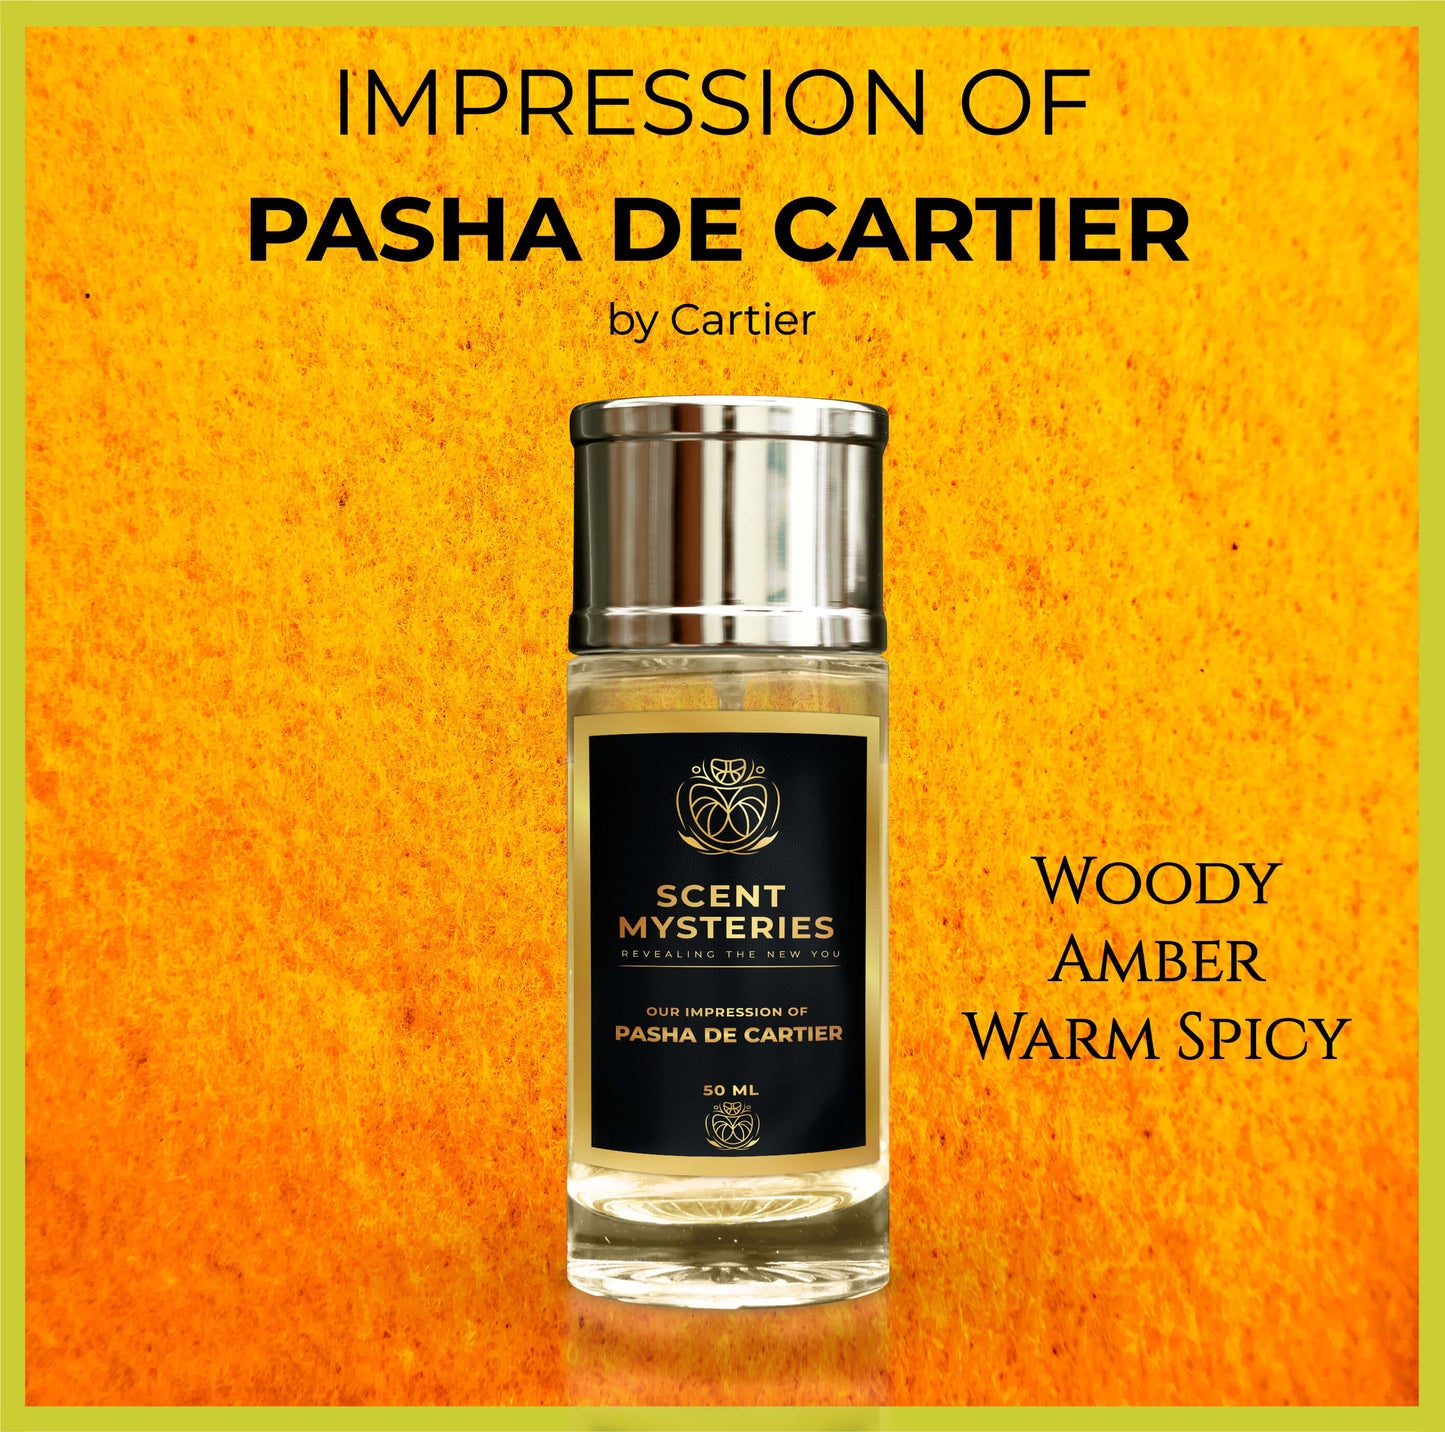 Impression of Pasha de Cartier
========================
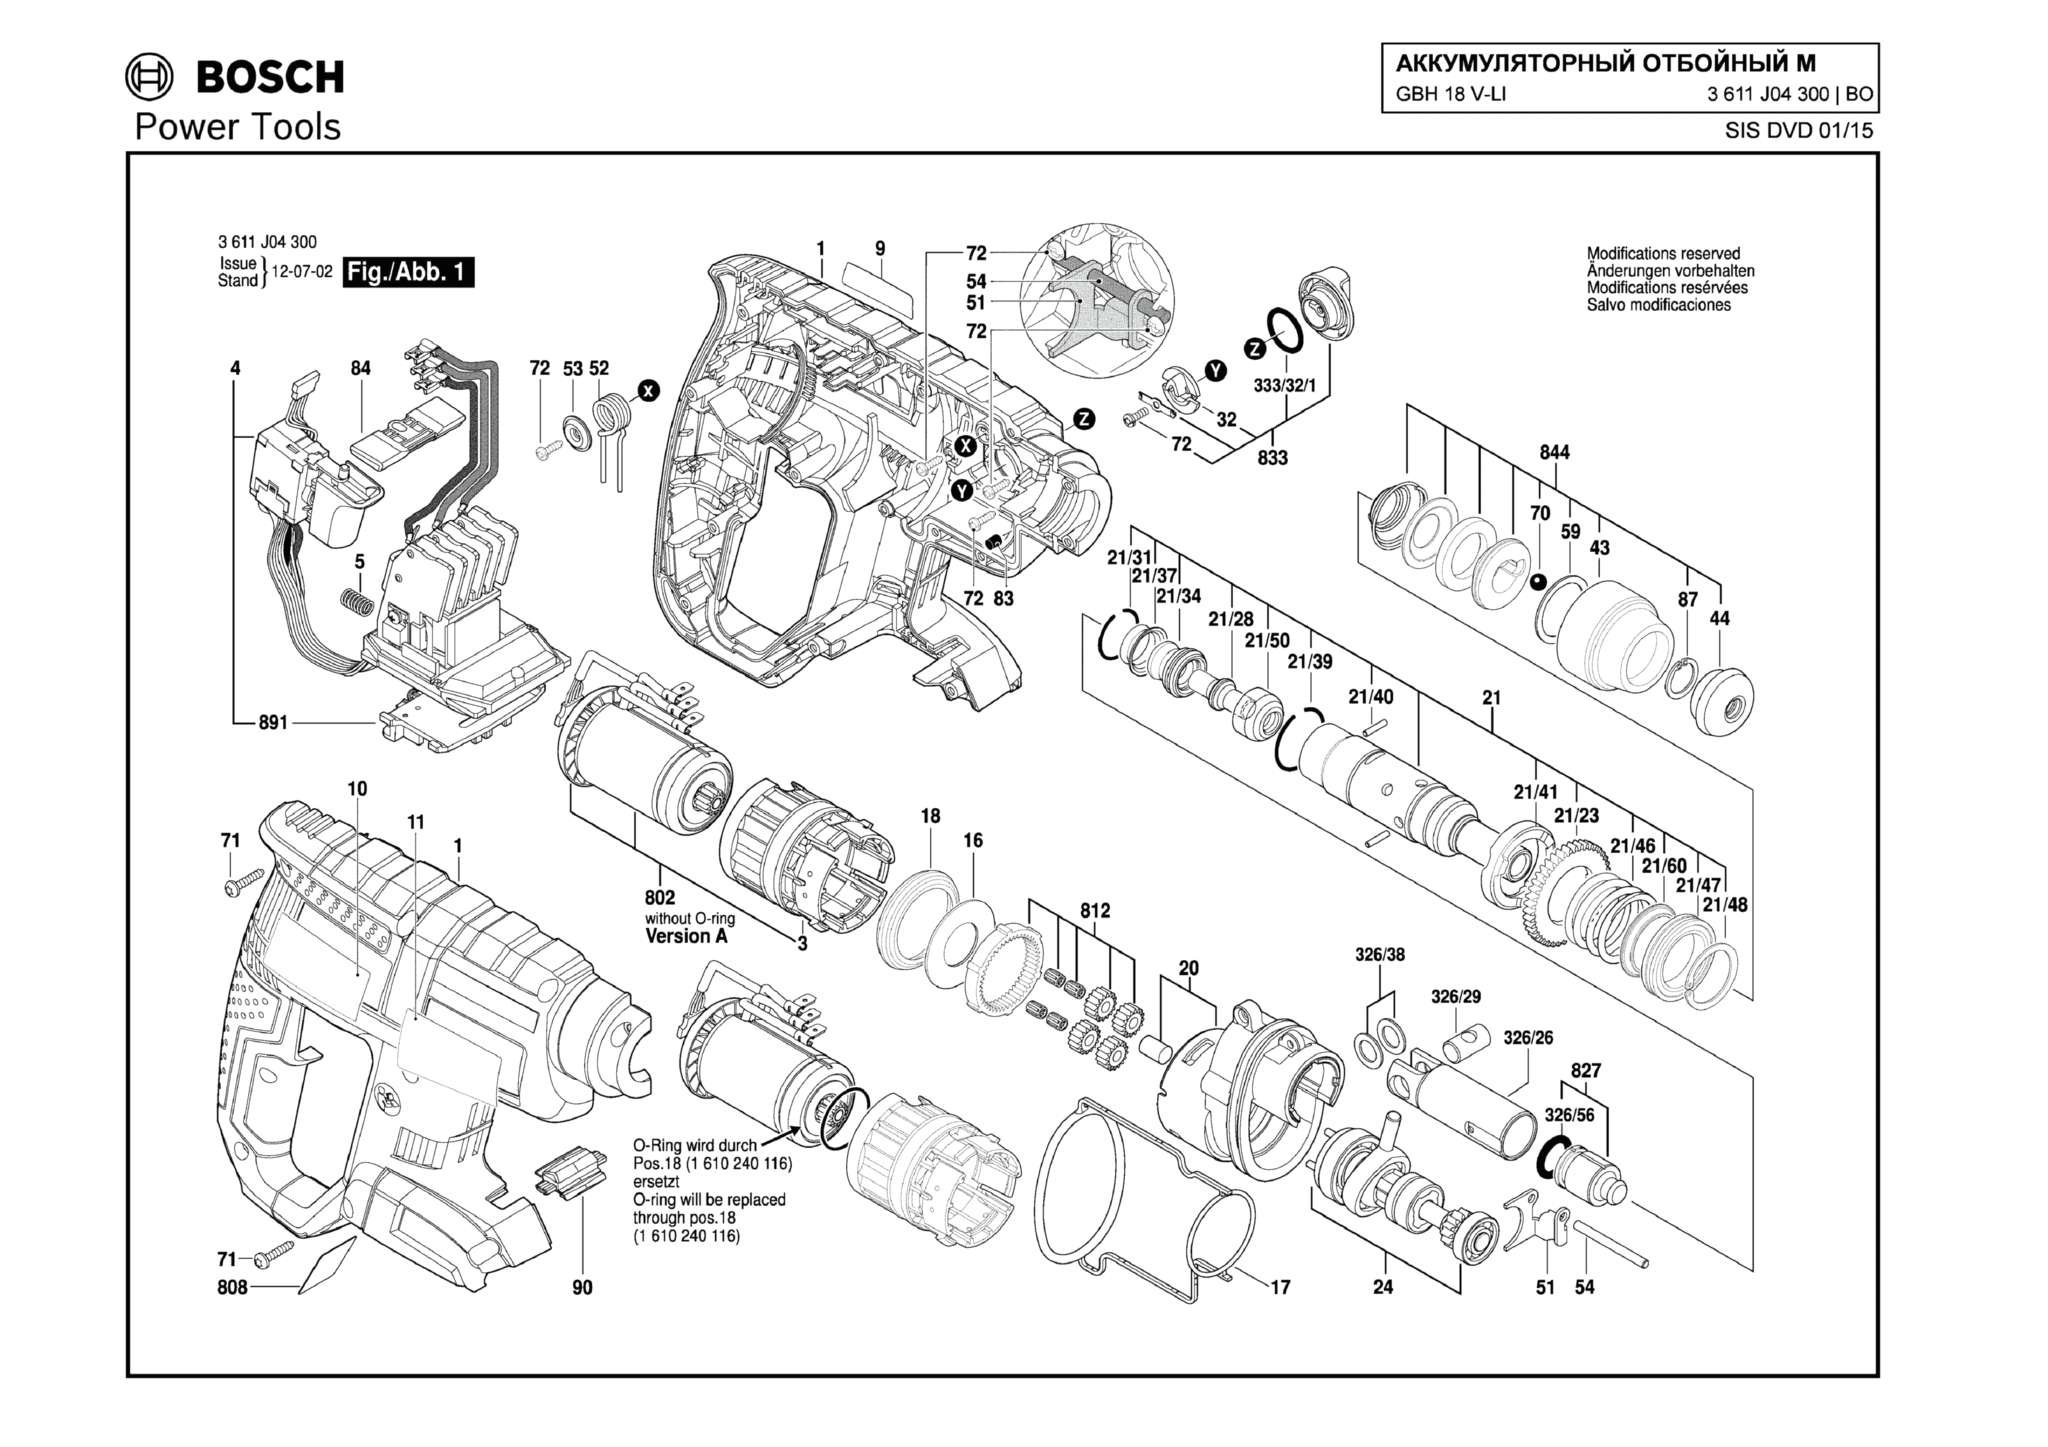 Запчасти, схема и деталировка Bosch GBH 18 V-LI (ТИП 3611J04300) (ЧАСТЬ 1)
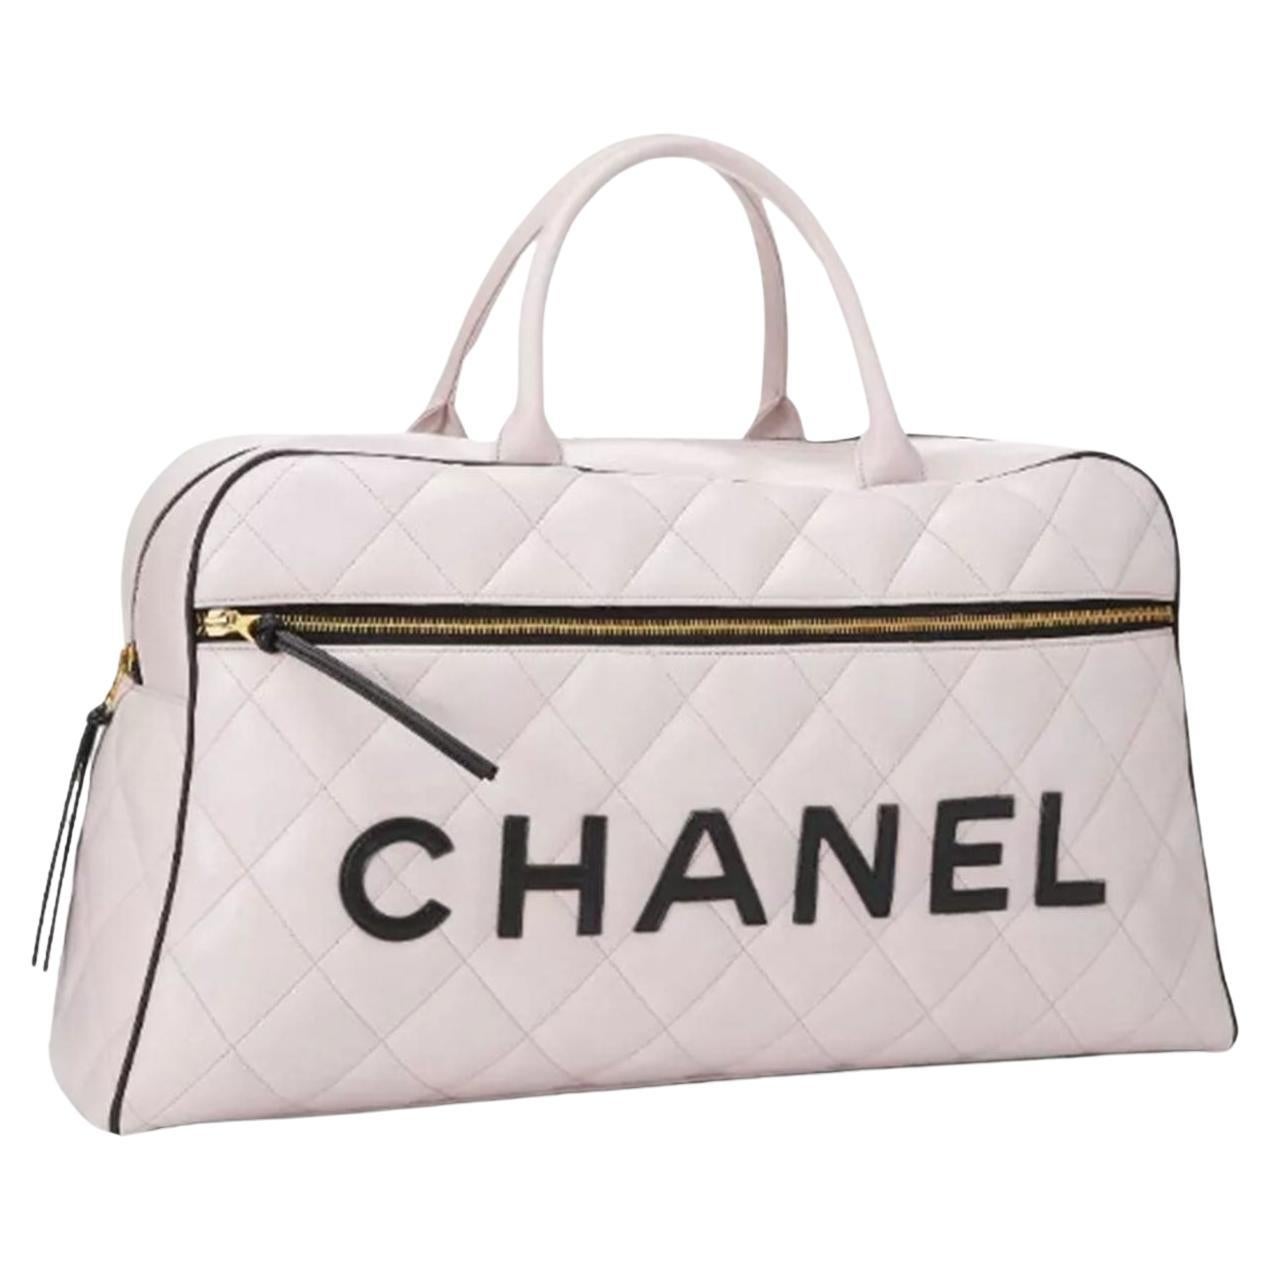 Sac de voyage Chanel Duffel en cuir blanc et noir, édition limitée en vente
========================
● **EXERCISE REQUIREMENTS**: Without the pictures, give again exactly the lines above starting at the line containing "Запчасти, схема и" and ending at the line containing "Sac de voyage".

● **ANSWER BELOW**:
 Запчасти, схема и деталировка Bosch GBH 18 V-LI (ТИП 3611J04300) (ЧАСТЬ 1)
 Sac de voyage Chanel Duffel en cuir blanc et noir, édition limitée en vente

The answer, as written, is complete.